**ASSIGNMENT:** Below are some records; output exactly the lines from the line with "Nepal, Gandaki zone, Upper" to the line with "Rose Quartz and", both ends kept, and nothing more.

**RECORDED INFORMATION:**
_ _ _ _ _

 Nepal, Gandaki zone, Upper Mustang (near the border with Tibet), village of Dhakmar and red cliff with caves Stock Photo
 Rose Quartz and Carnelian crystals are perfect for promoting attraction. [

_ _ _ _ _

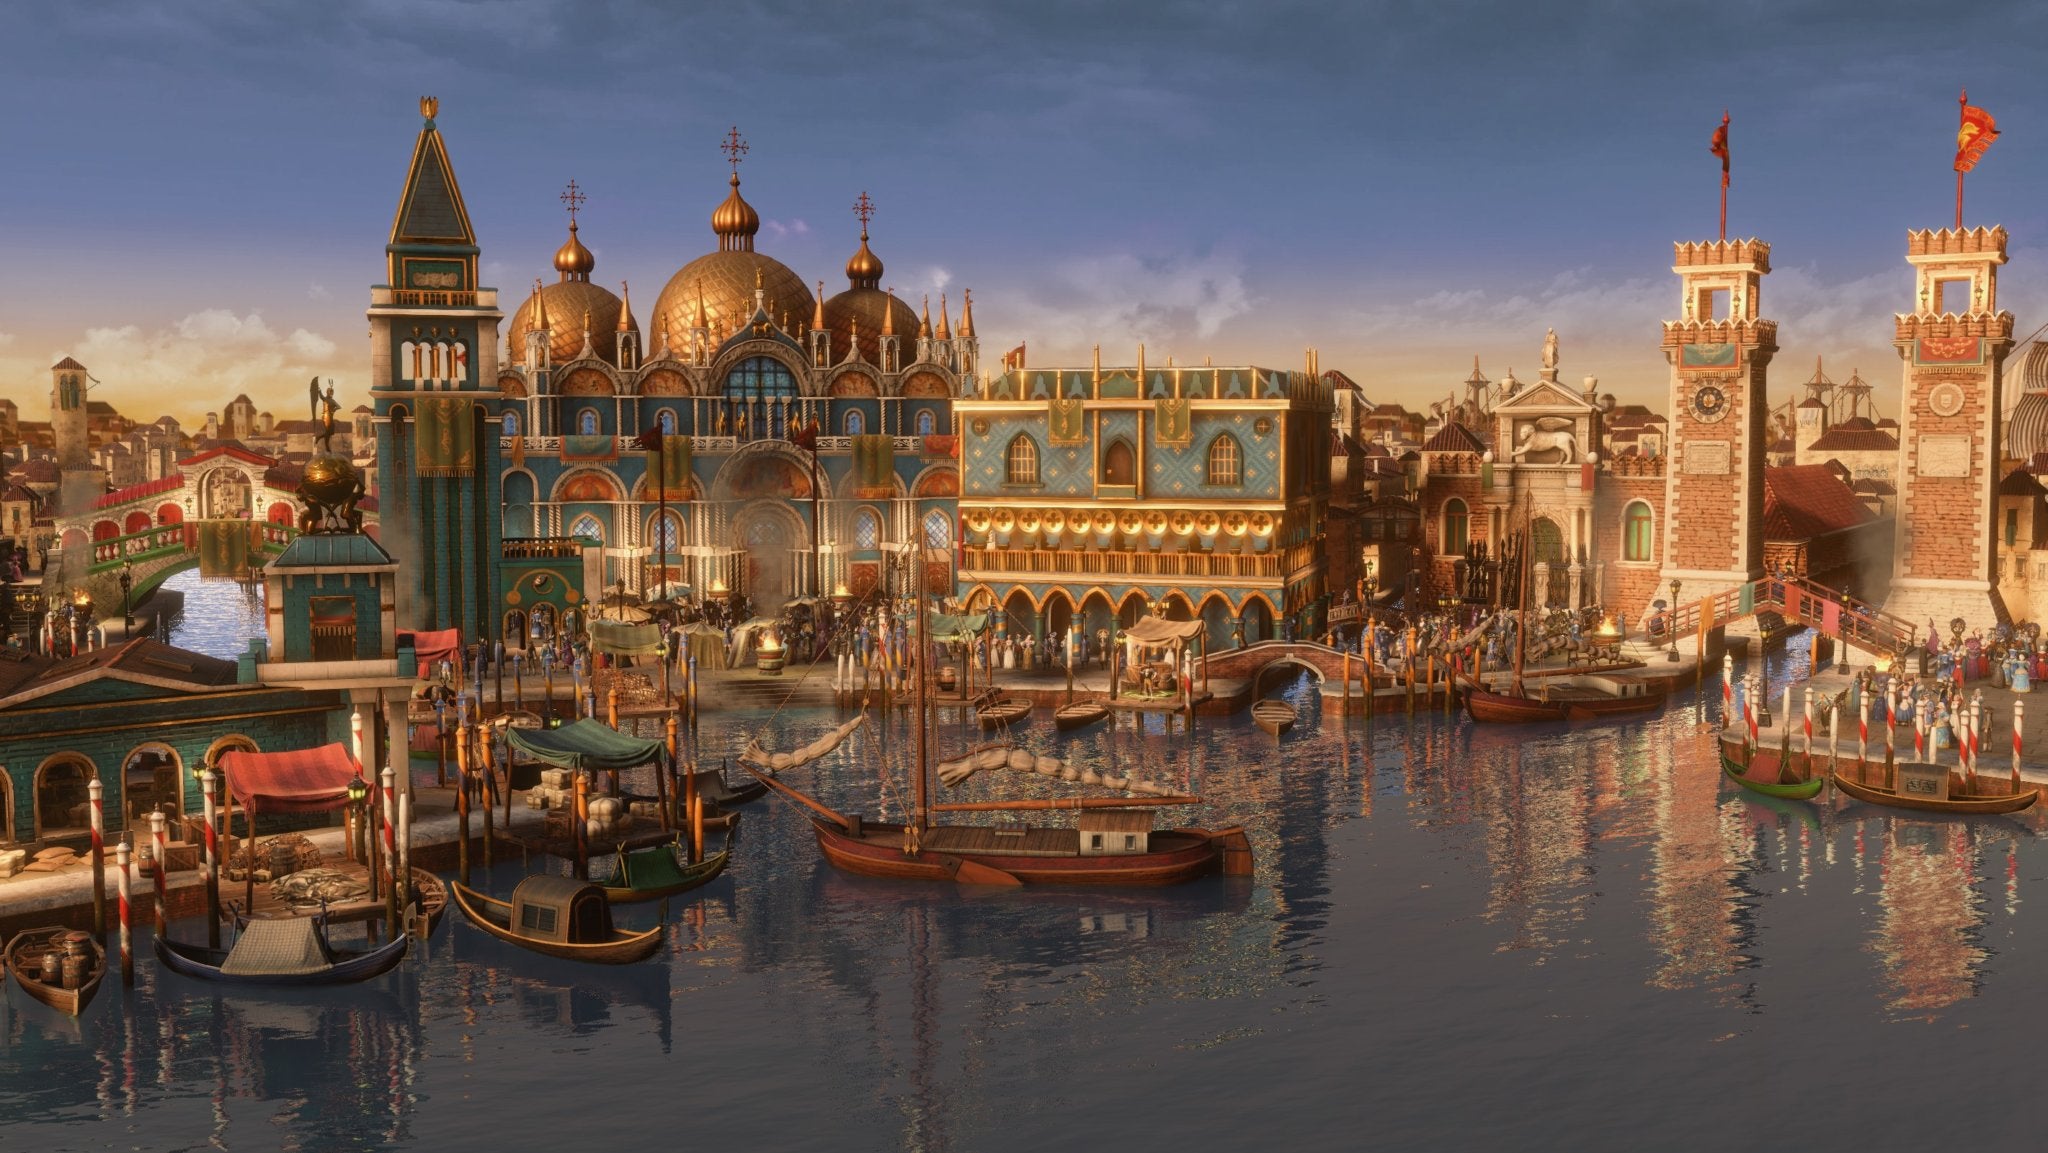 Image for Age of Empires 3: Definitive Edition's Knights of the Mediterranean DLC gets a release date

_ _ _ _ _

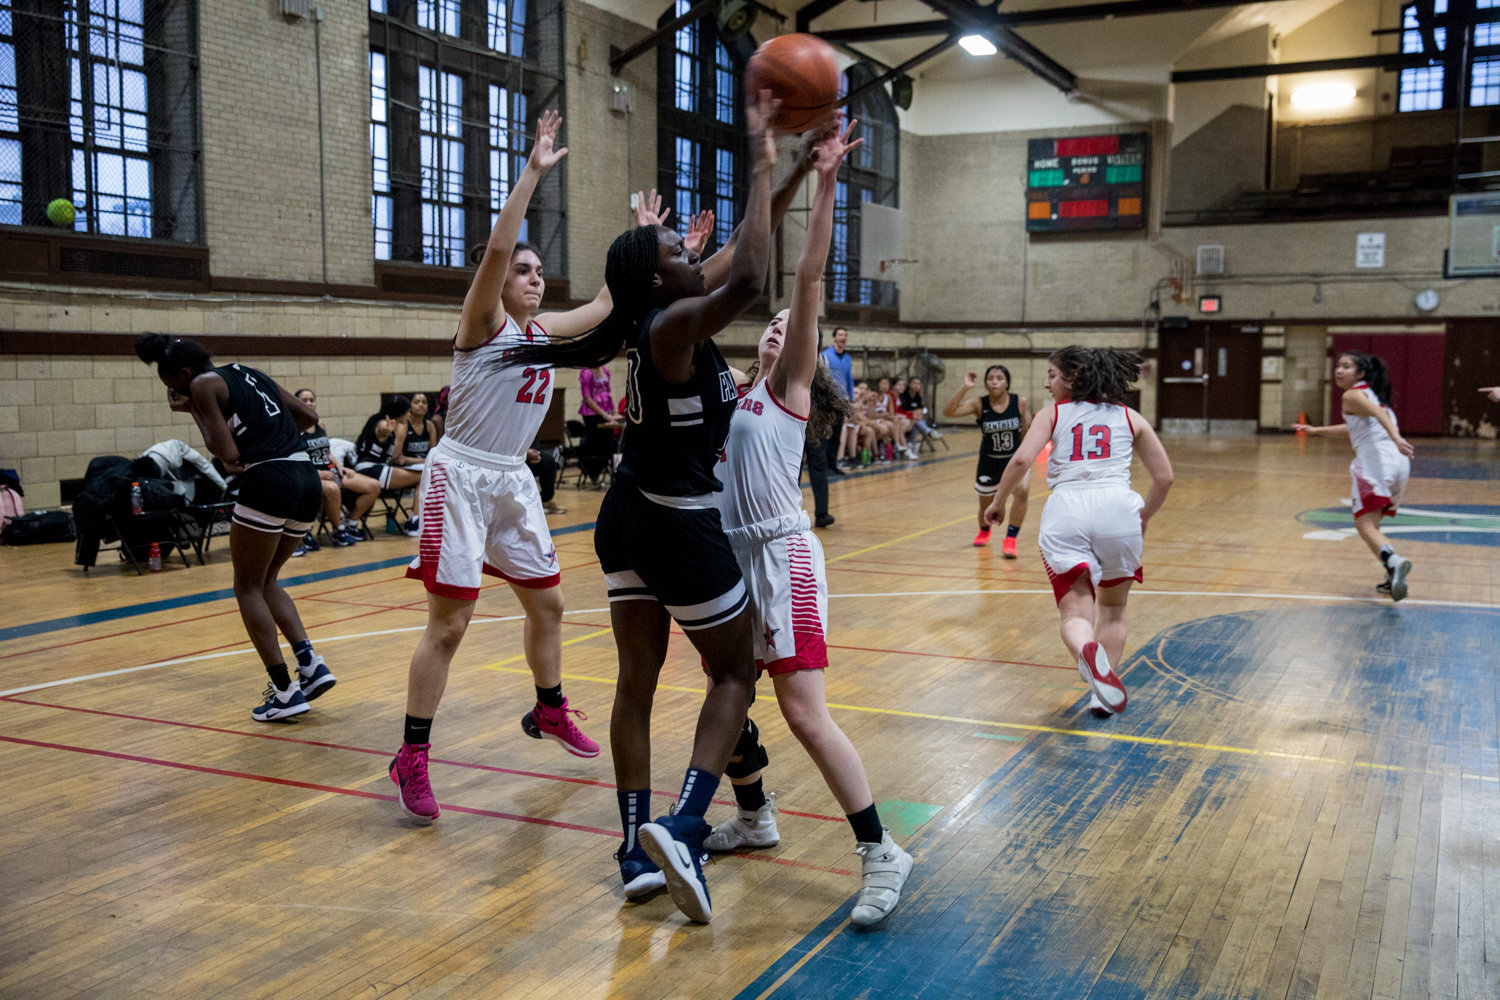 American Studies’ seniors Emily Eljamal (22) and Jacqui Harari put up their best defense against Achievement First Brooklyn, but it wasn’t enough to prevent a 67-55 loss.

_ _ _ _ _

**ANSWER BELOW:**
 Nepal, Gandaki zone, Upper Mustang (near the border with Tibet), village of Dhakmar and red cliff with caves Stock Photo
 Rose Quartz and Carnelian crystals are perfect for promoting attraction. [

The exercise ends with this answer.